Еля таращилась в телевизор, думая о том, что теперь наверняка не пойдет в школу еще неделю. А может, и больше, а когда придет туда, ее будут спрашивать, где она пропадала, и тогда она наверняка не сможет сдержать слез. На диване напротив сидел брат Софочки. Степан был старше ее на восемь лет, на руках у него была дочь, с которой он играл в самолетик, подкидывал хохочущую трехлетку вверх и громко приговаривал:

– Полетели, полетели…. И сели!

Брат Софочки был высоченным детиной, а трехлетняя Ира на его руках казалась сущей крохой. Громогласный бас с сюсюкающими прибаутками мог бы показаться забавным, если бы Еля в тот момент могла найти забавным хоть что-то. Но сейчас происходящее ей показалось до обидного несправедливым. У Иры Золоторежской были оба родителя, а у нее не осталось ни одного.

Заторможенная реакция Ели на все происходящее показалась Софочке верным признаком того, что ее нужно уложить спать. И Еля не сопротивлялась: сняла с себя шерстяное платье, колготки и улеглась в белой майке и трусах в постель двухэтажной кровати. Она забыла даже о том, что стоило распустить косу и расчесать волосы. Кажется, мама ей всегда об этом напоминала.

На следующий день Еля осознала удивительную вещь: она была совершенно одна. Тетка была не в счет, она ведь не приходилась ей матерью. Да, она была приятной женщиной, позволяющей Еле объедаться печеньем, также она учила свою племянницу вязать и даже позволила как-то надеть ей свое старое платье. Под хламидой синтетического голубого шелка, всего в оборках и рюшах, Еля показалась себе невероятно красивой. Она еще долго надоедала матери с совершенно потрясающей идеей: та должна будет ей достать точно такое же, когда Еля будет выходить замуж за Пашку из «б» класса. Мама и тетя Раиса хохотали. Хороший был день. И все-таки тетка не была ей матерью. Нет.

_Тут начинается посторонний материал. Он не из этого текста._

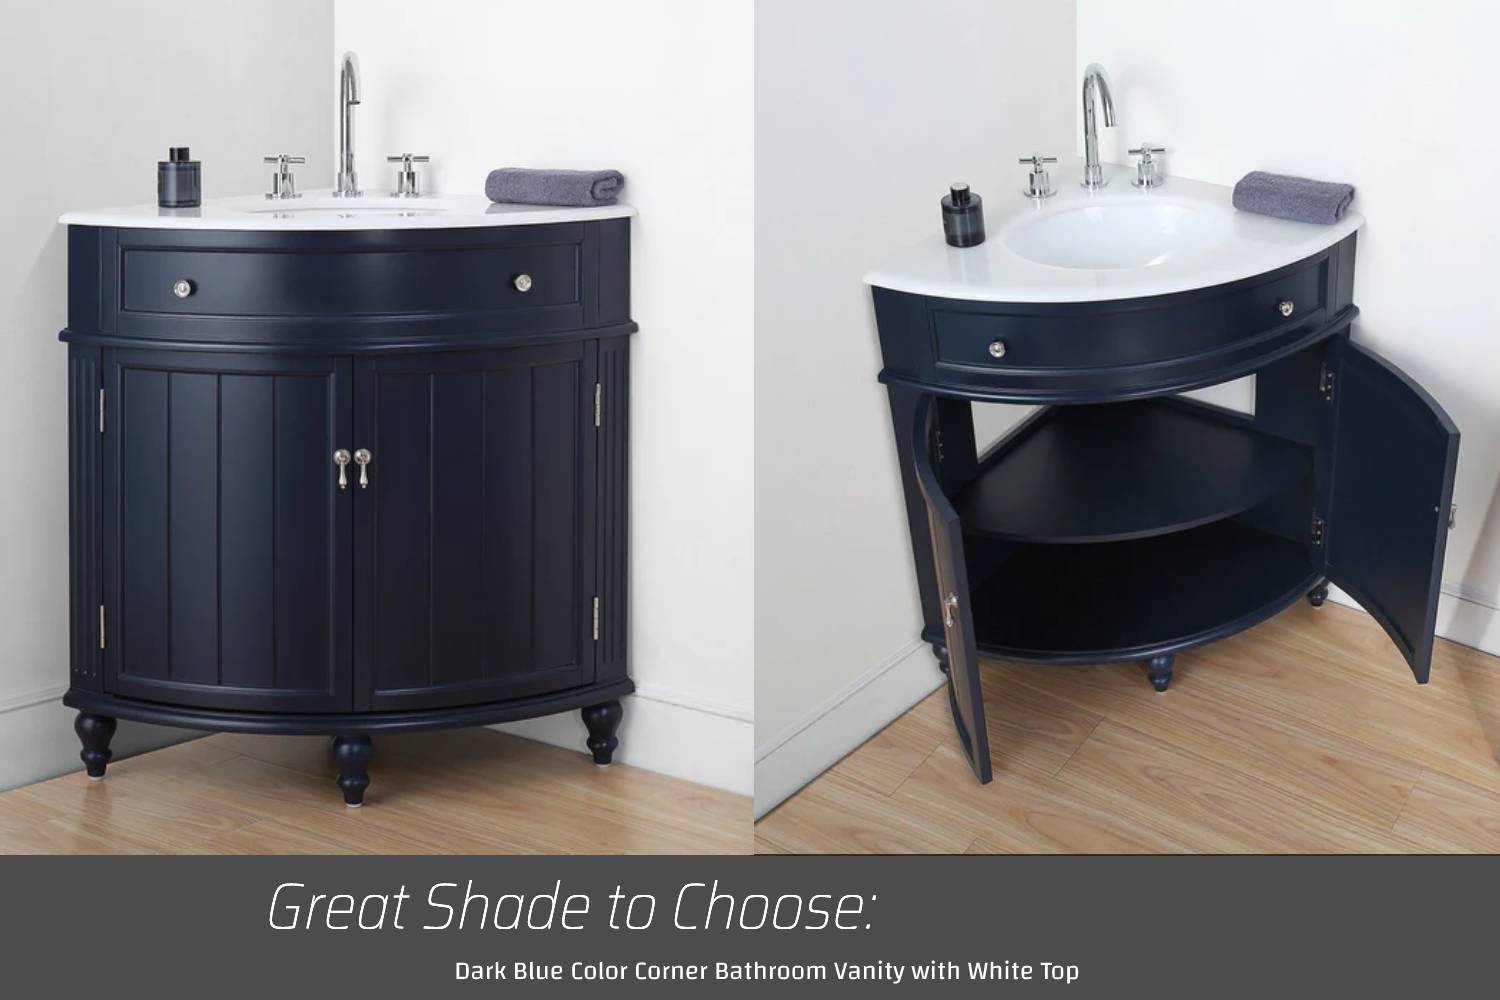 Great shade to choose dark blue color corner bathroom vanity with white top

Прошло, должно быть, три дня, когда до Ели окончательно дошло, что мать она больше не увидит. Никогда. Ее увезут на то-самое-кладбище, где все люди, которые никогда не возвращаются, лежат, тихо дожидаясь, пока их навестят родственники. Девочка всегда представляла себе место последнего упокоения как тюрьму. Он думала, что покойника укладывали спящим в постель и закрывали в комнате одного, но стен в такой комнате не было, были решетки. Так что можно было видеть, кто лежит внутри. А потом близкие покойного приходили к нему, рассаживались на скамьи, расставленные вдоль решетчатых стен. Они смотрели на него, меняли цветы в вазе, говорили с ним и уходили. Место ей представлялось мрачным и неприятным. Однако впервые в жизни у нее закралось подозрение, что ее представление о кладбище неверно. Воспоминания о погосте при церкви дало ей смутное понимание, что могло статься так, что людей вовсе не запирают в камерах, с ними делают что-то другое. Что-то намного страшнее камер.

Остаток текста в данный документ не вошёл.